### Data records
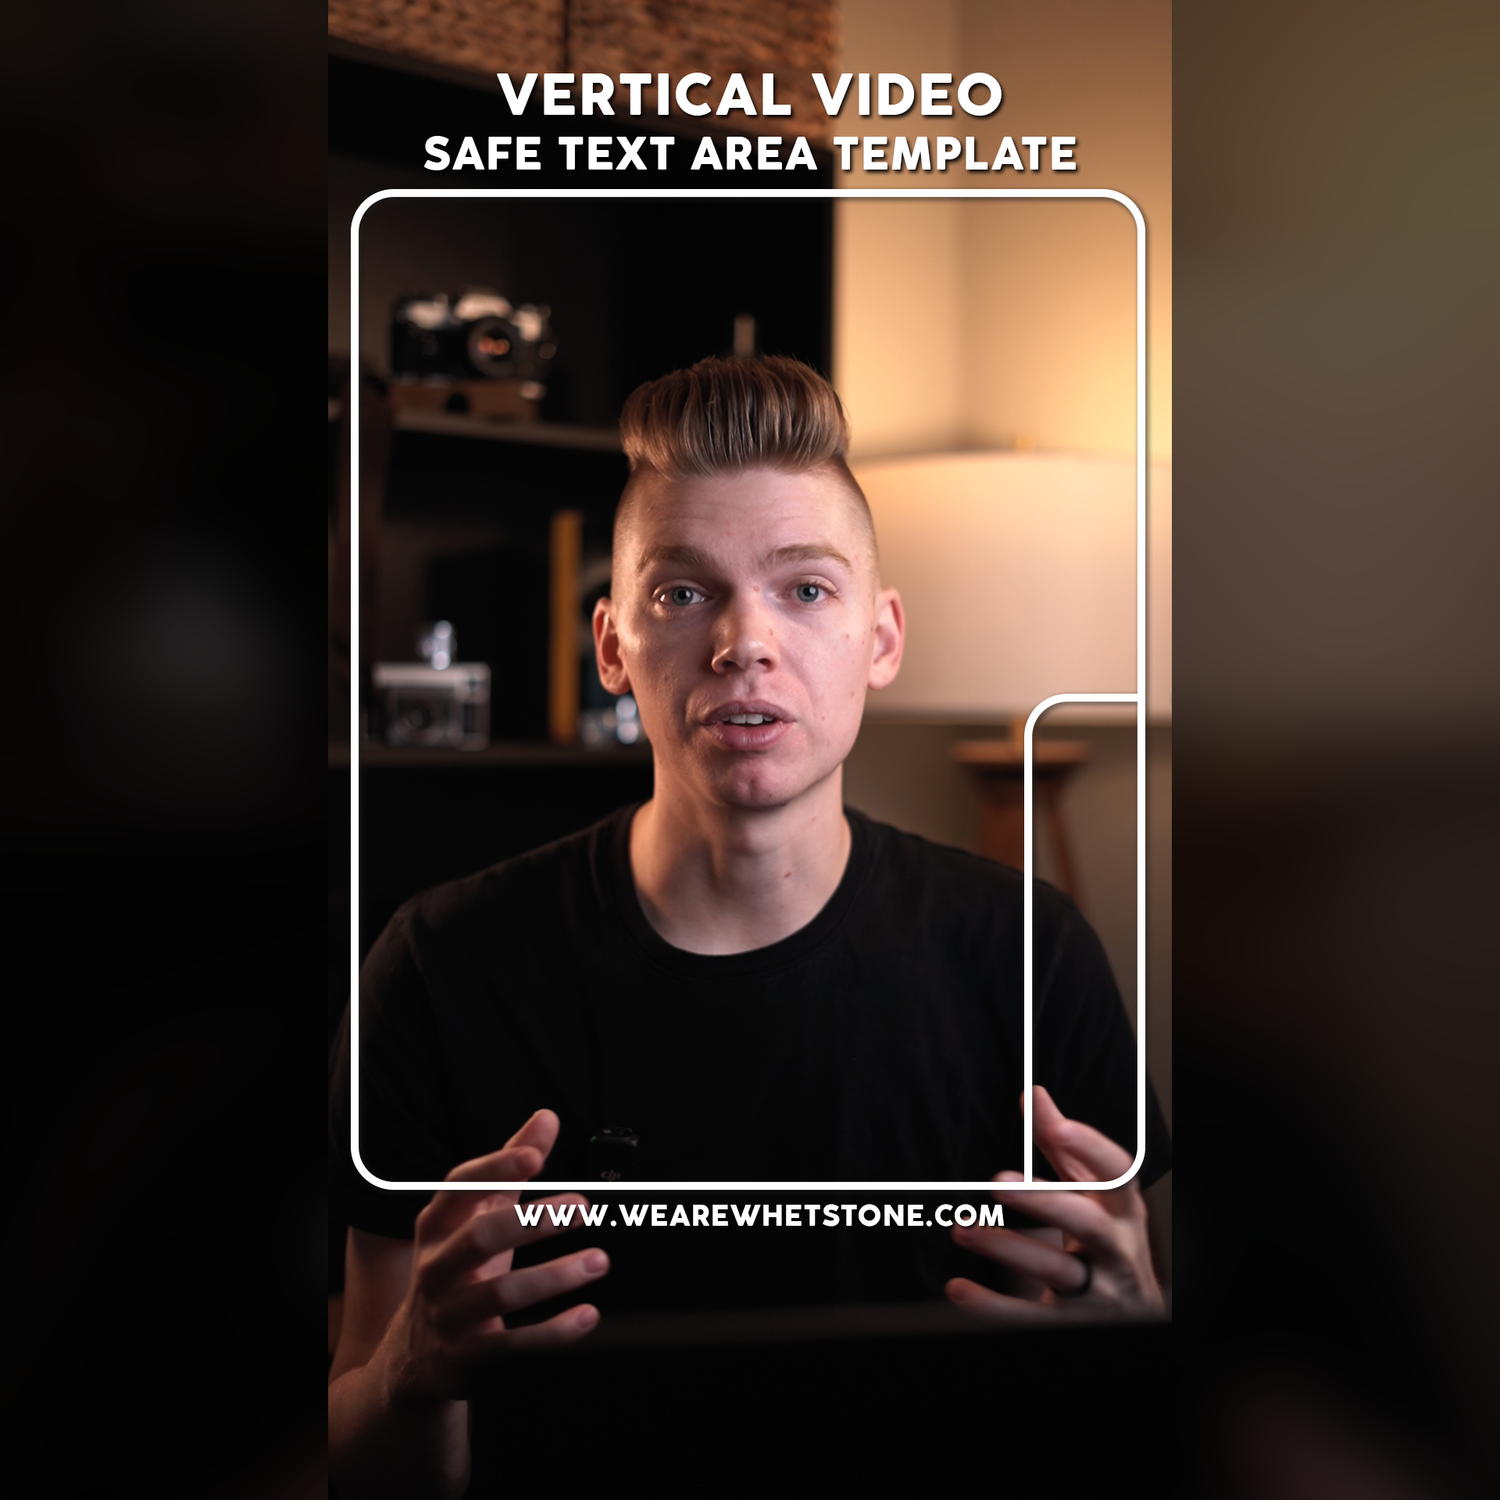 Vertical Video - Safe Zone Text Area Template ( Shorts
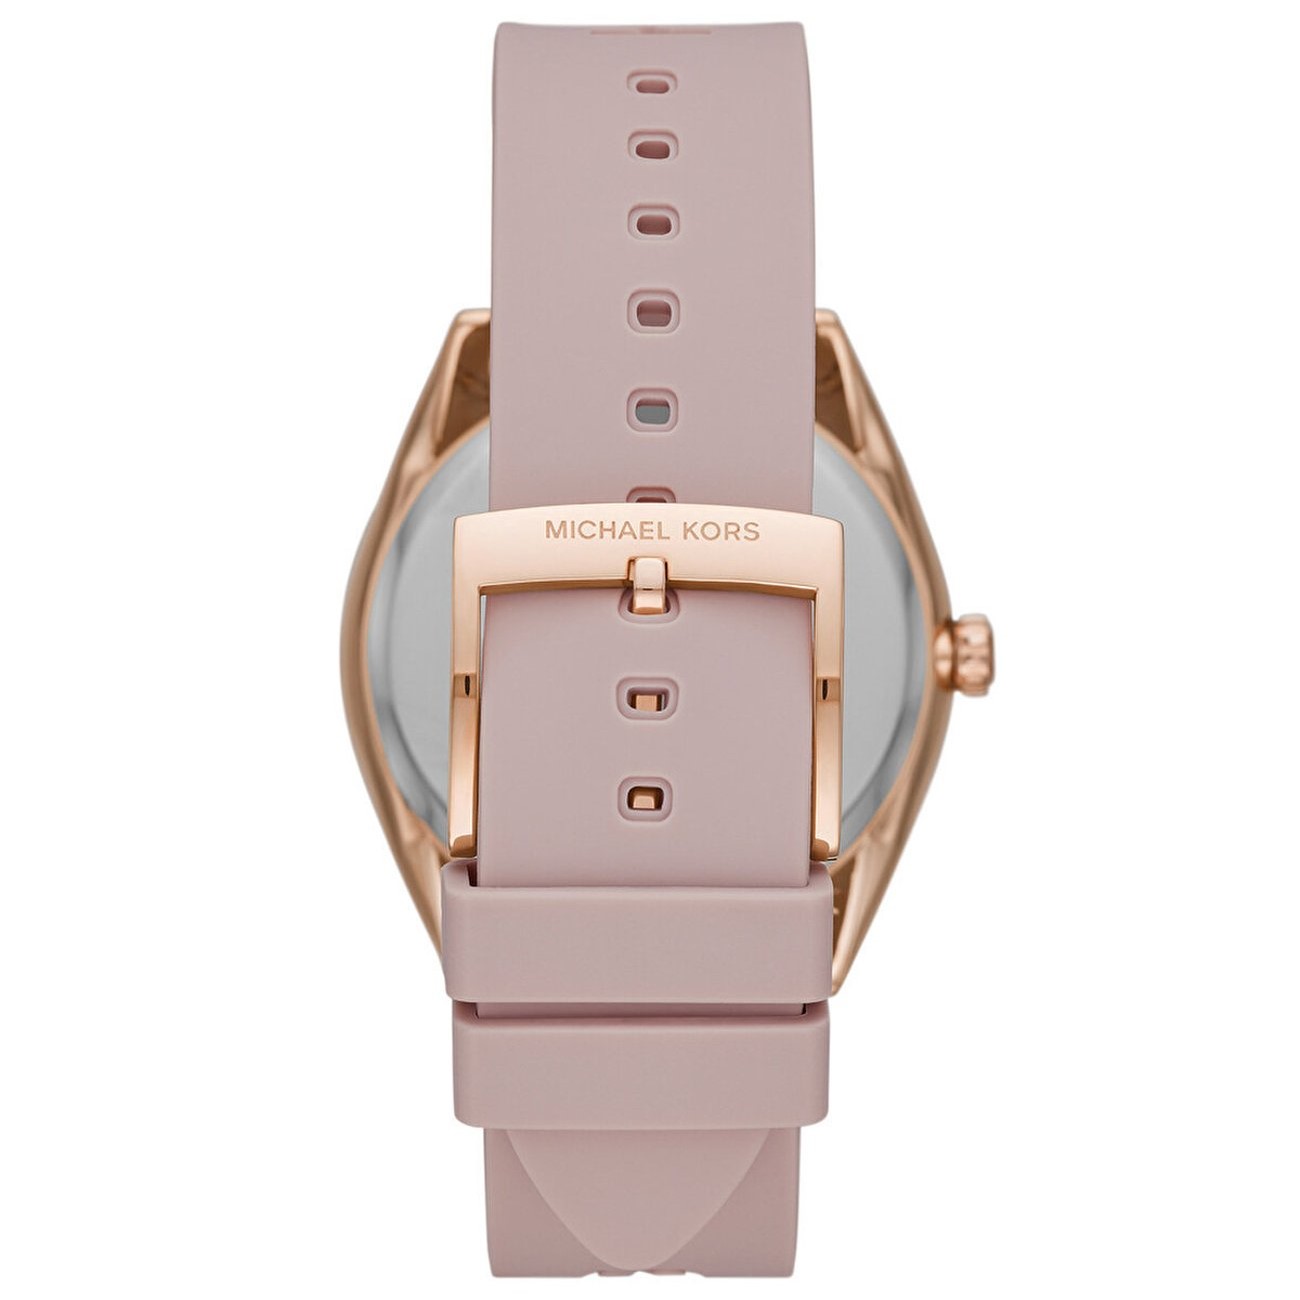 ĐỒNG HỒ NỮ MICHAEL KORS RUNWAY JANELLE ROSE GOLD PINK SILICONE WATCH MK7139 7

--

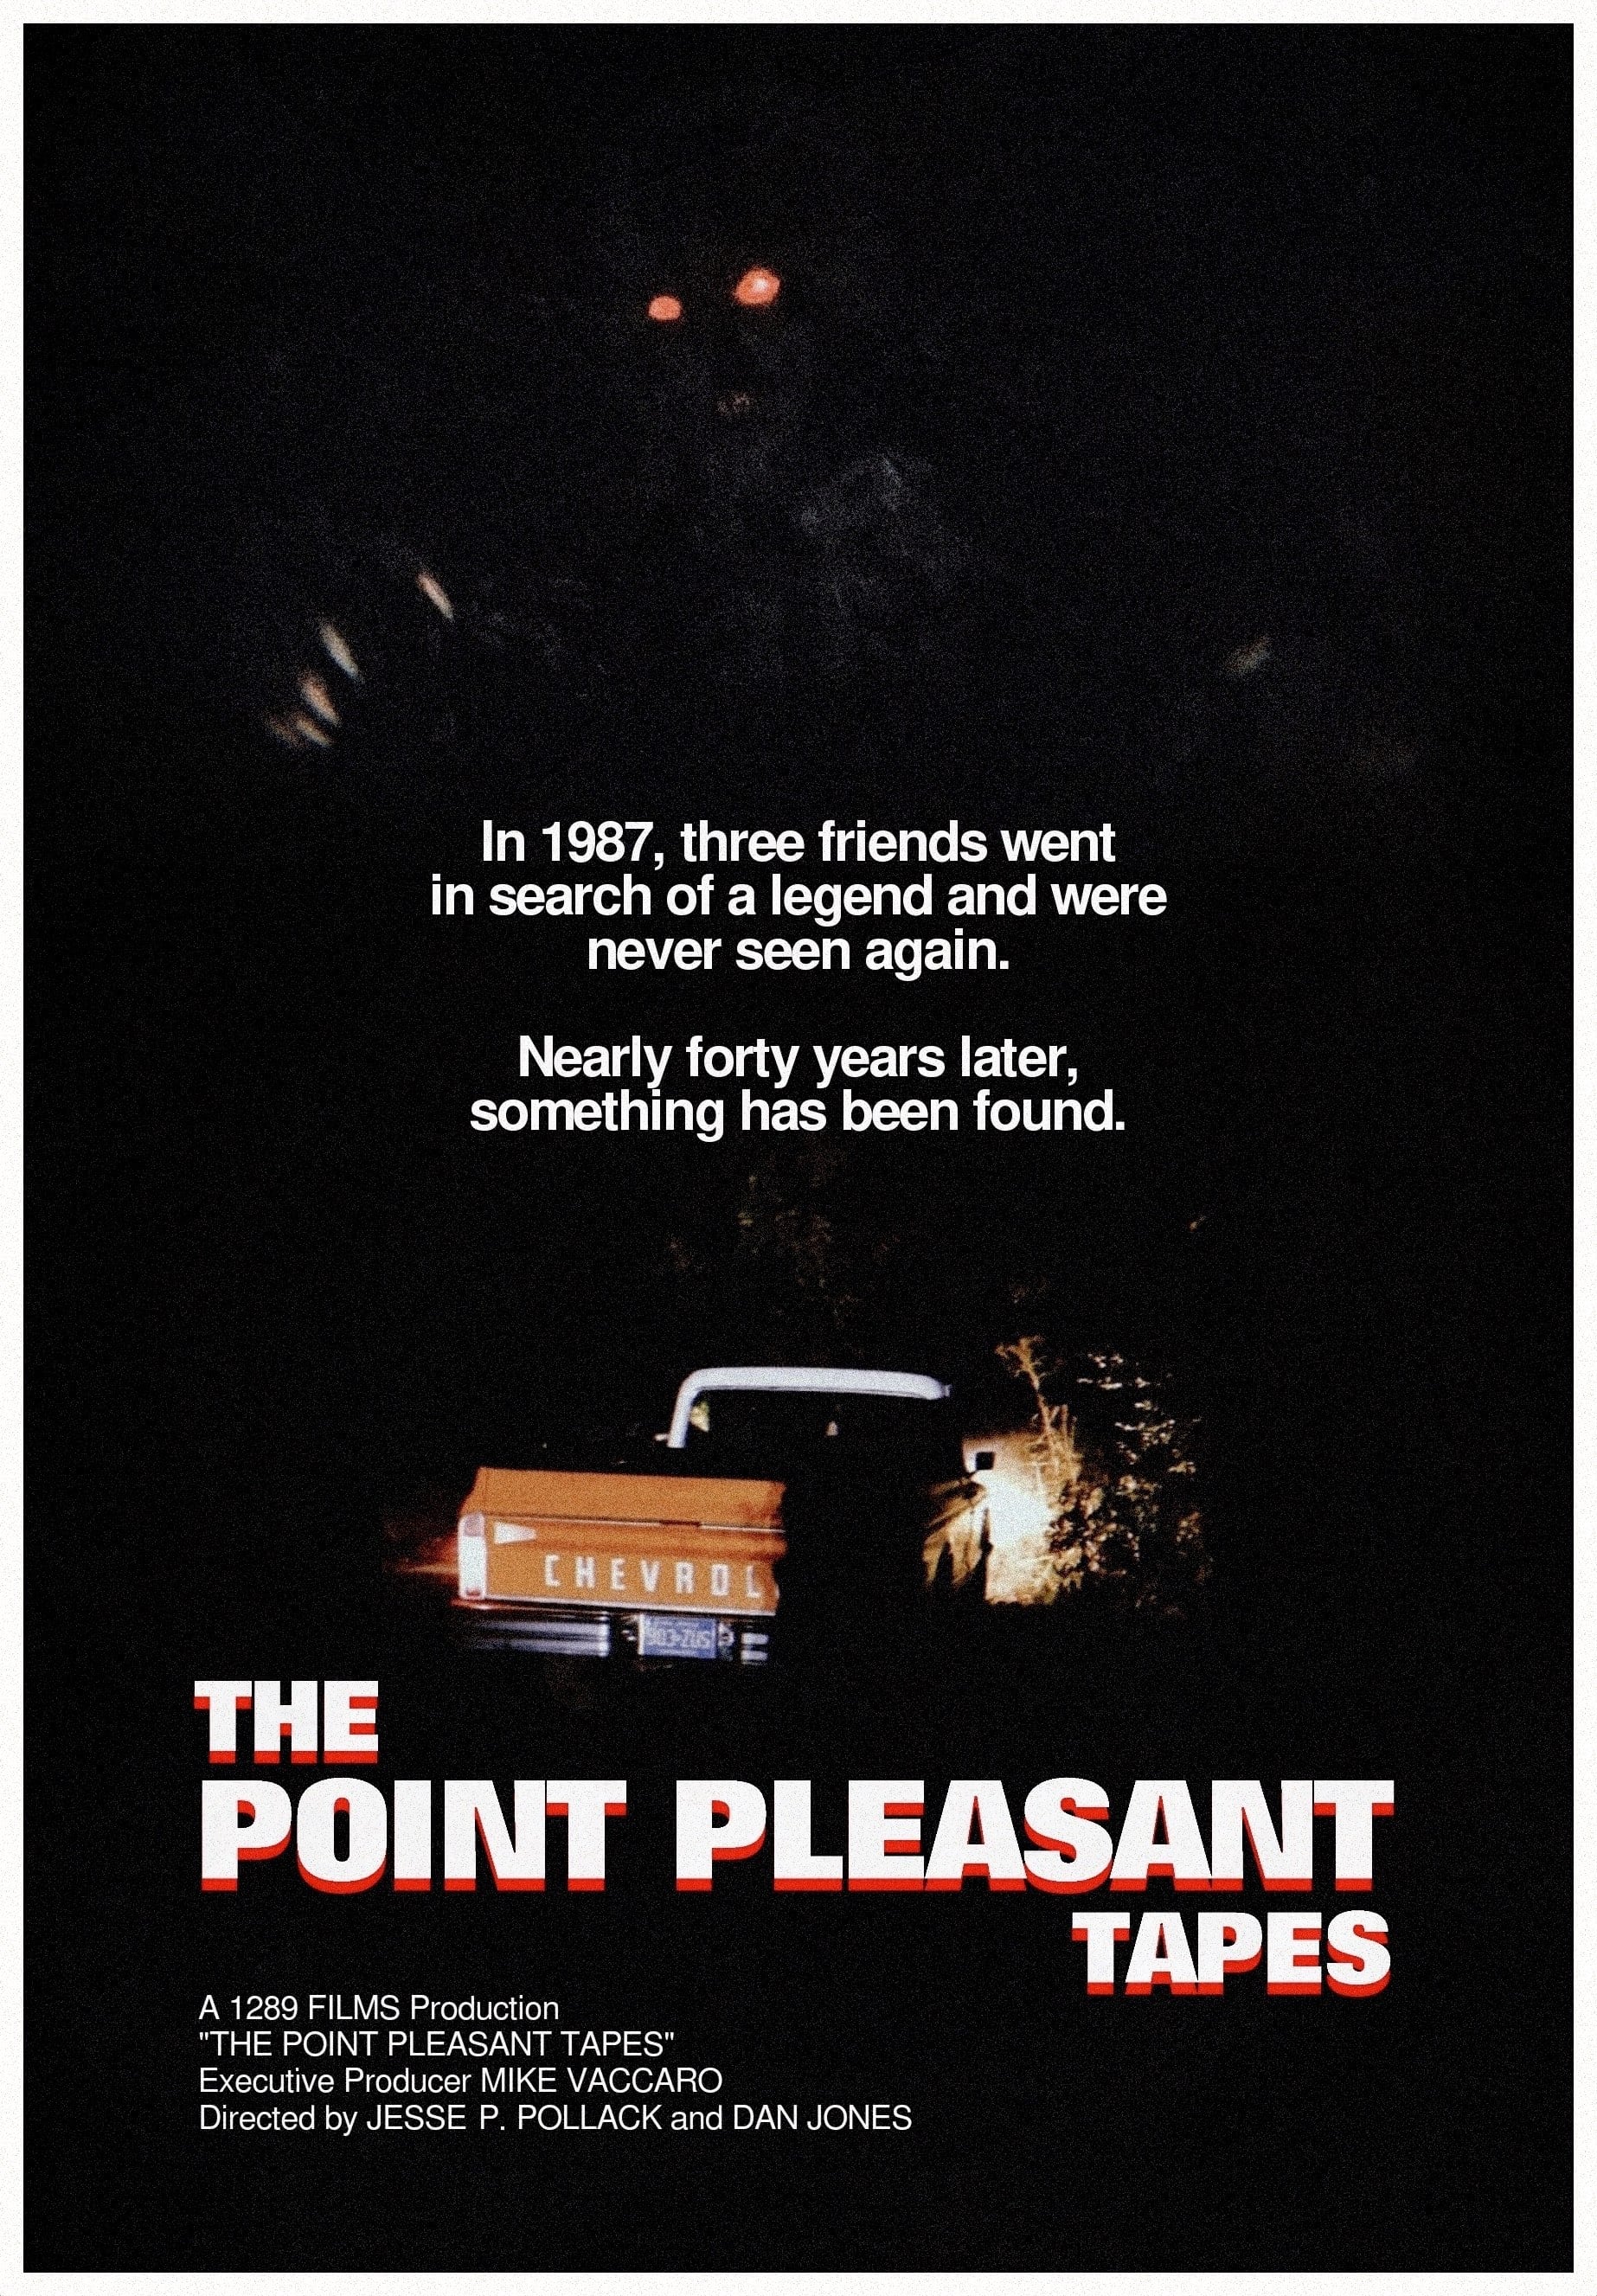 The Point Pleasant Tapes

### What you are asked to do
In the listing above, find the line containing "Vertical Video - Safe" and the line containing "ĐỒNG HỒ NỮ MICHAEL". Reproduce those lines and all between them exactly, with no pictures and nothing more.

### Task response
 Vertical Video - Safe Zone Text Area Template ( Shorts
 ĐỒNG HỒ NỮ MICHAEL KORS RUNWAY JANELLE ROSE GOLD PINK SILICONE WATCH MK7139 7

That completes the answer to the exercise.